── Data provided

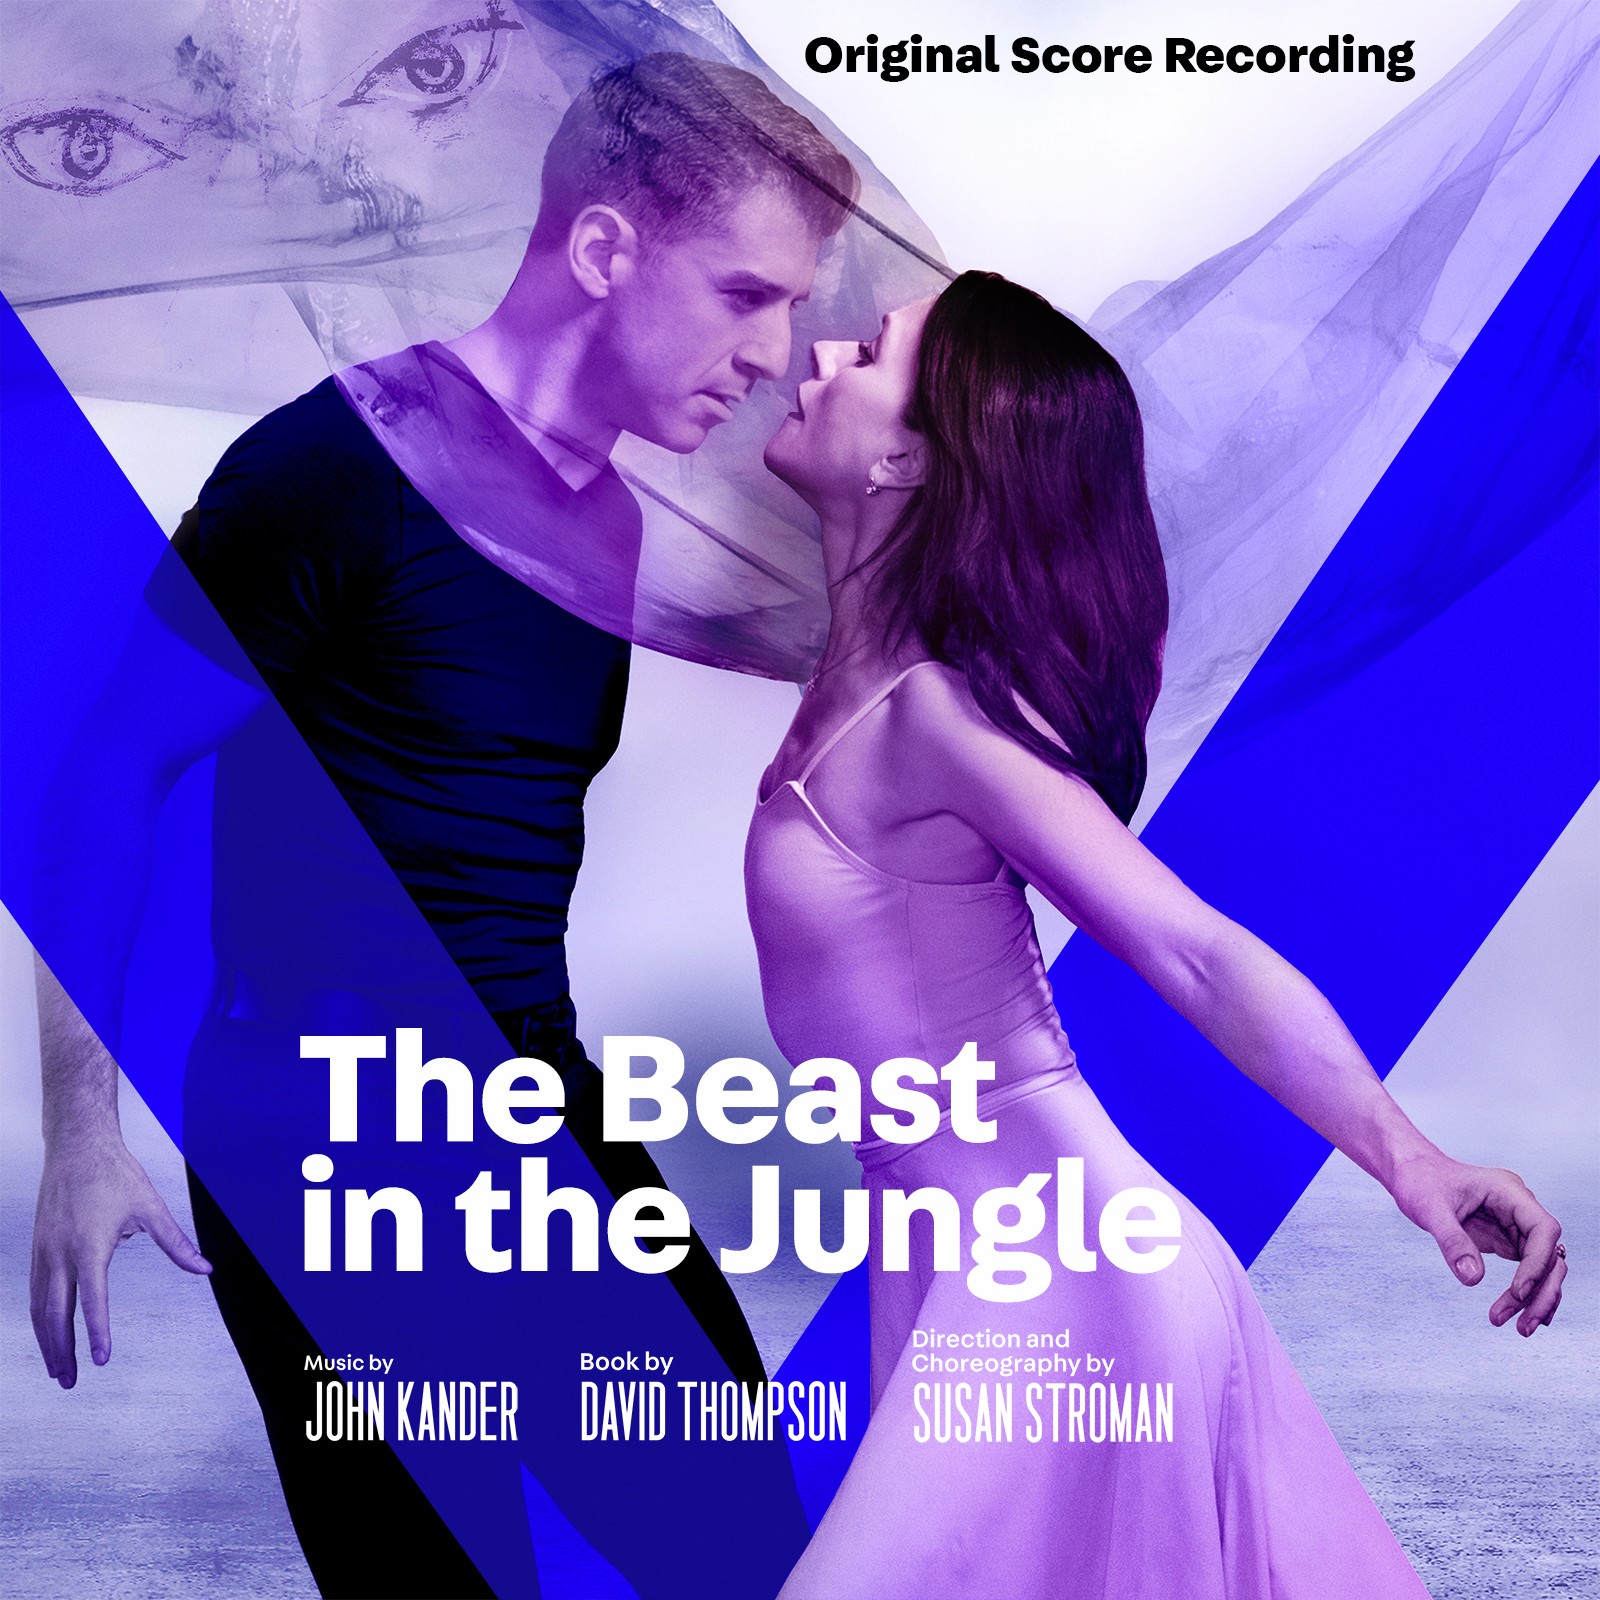 The Beast in the Jungle – Original Score Recording
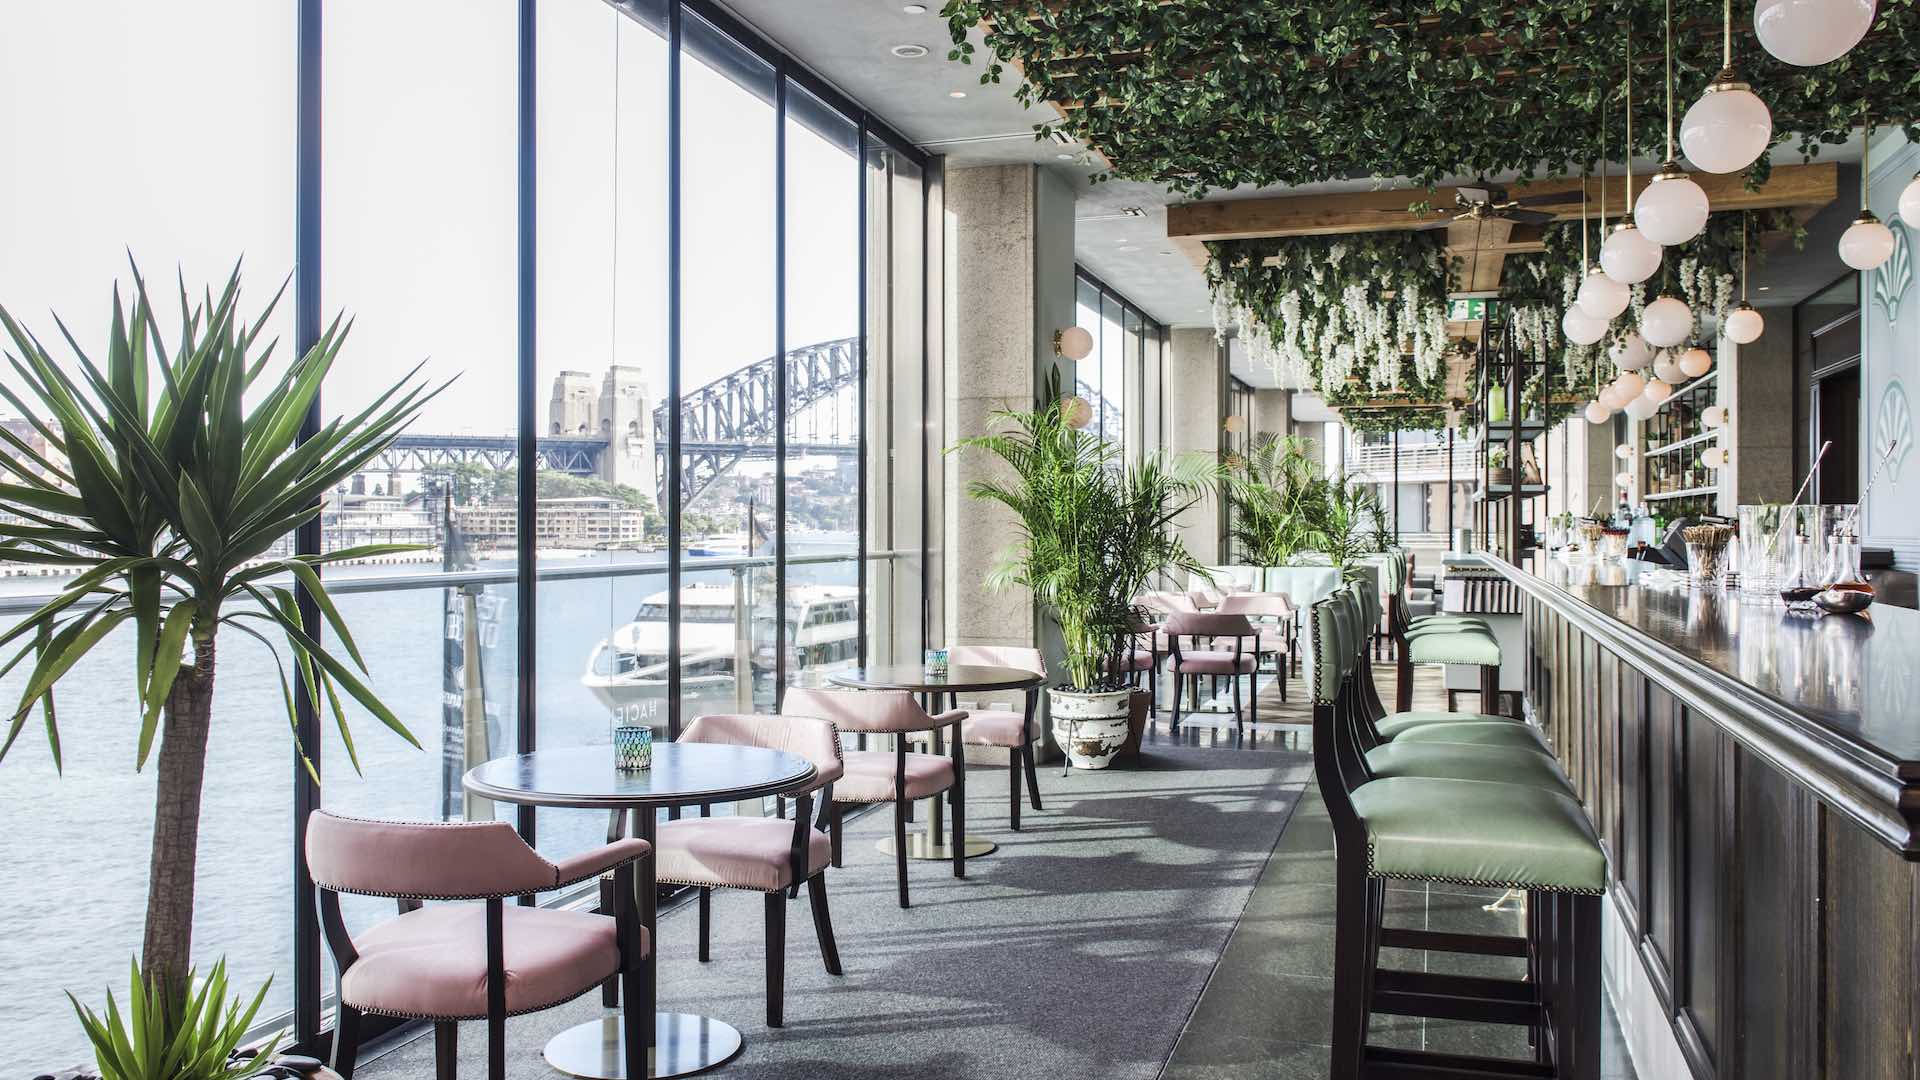 Hacienda bar with views over Circular Quay in Sydney
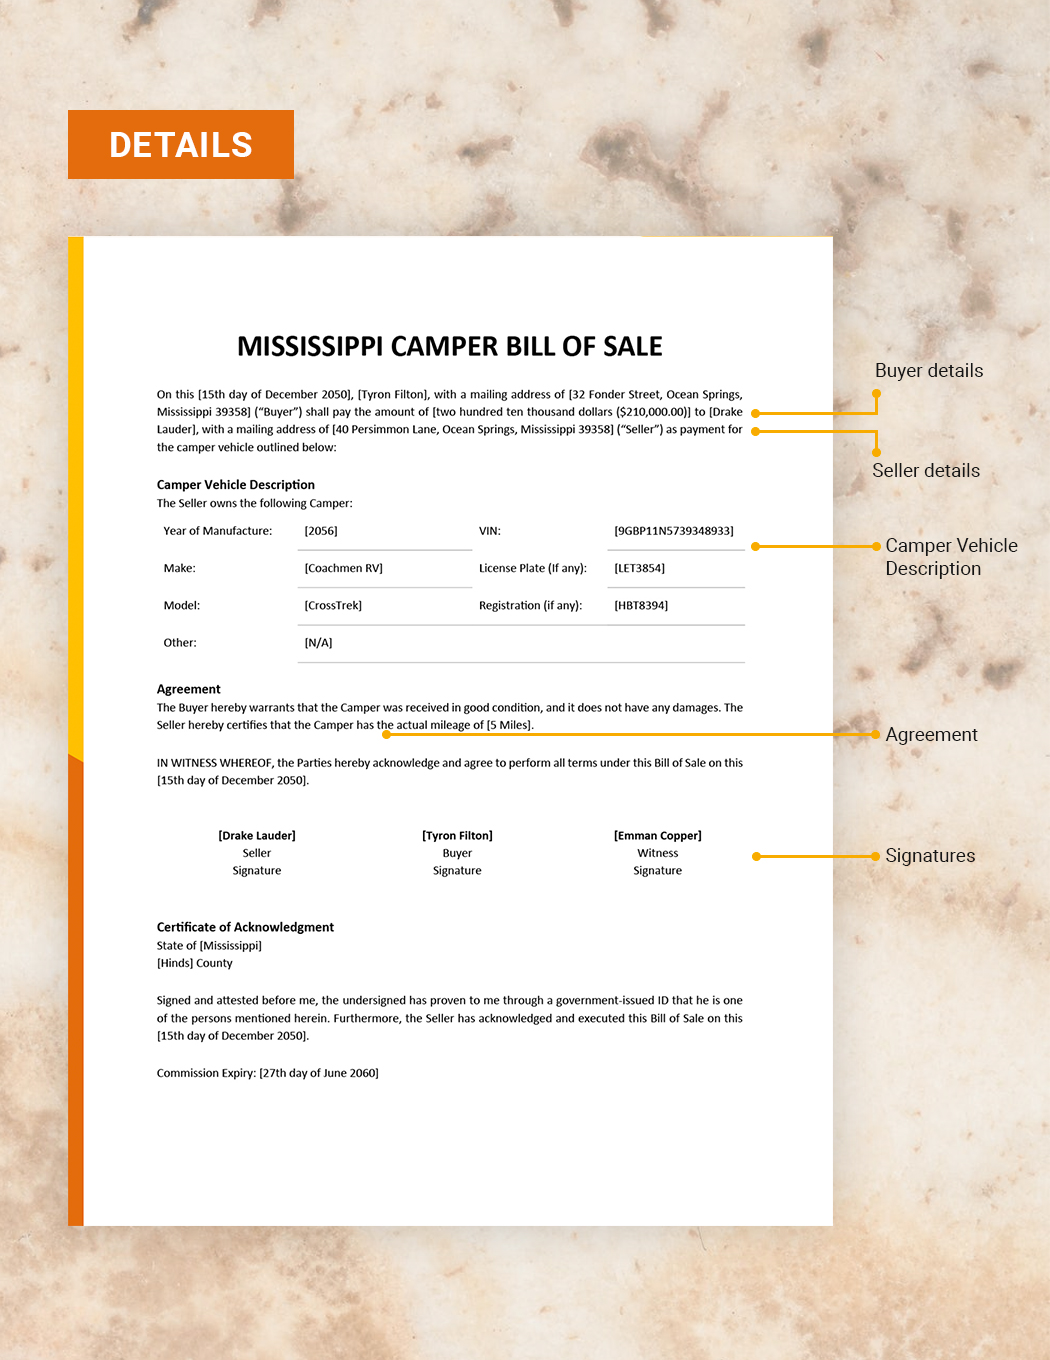 Mississippi Camper Bill of Sale Template
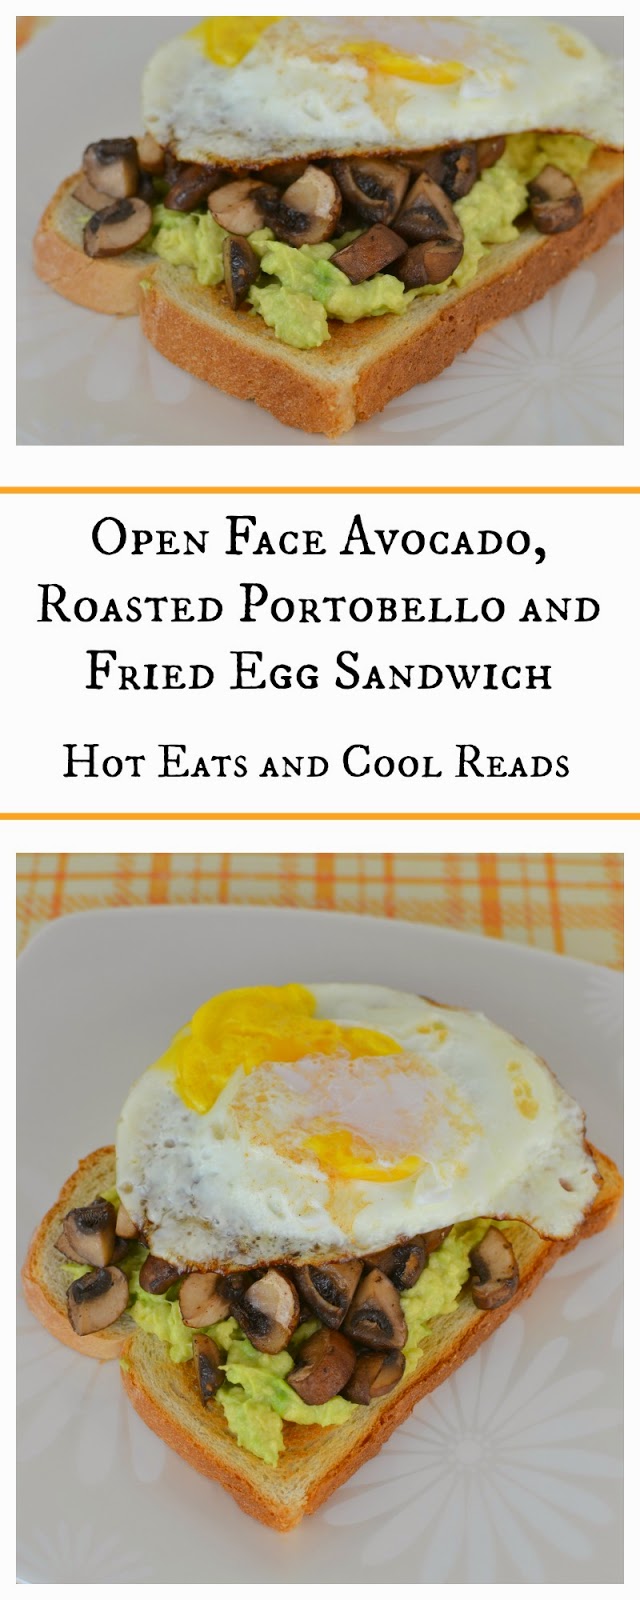 Open Face Avocado, Roasted Portobello and Fried Egg Sandwich Recipe

────

**Exercise brief**
Leaving the pictures out, set down all of the data again exactly.

**Completed exercise**
 The Beast in the Jungle – Original Score Recording
 Hacienda bar with views over Circular Quay in Sydney
 Mississippi Camper Bill of Sale Template
 Open Face Avocado, Roasted Portobello and Fried Egg Sandwich Recipe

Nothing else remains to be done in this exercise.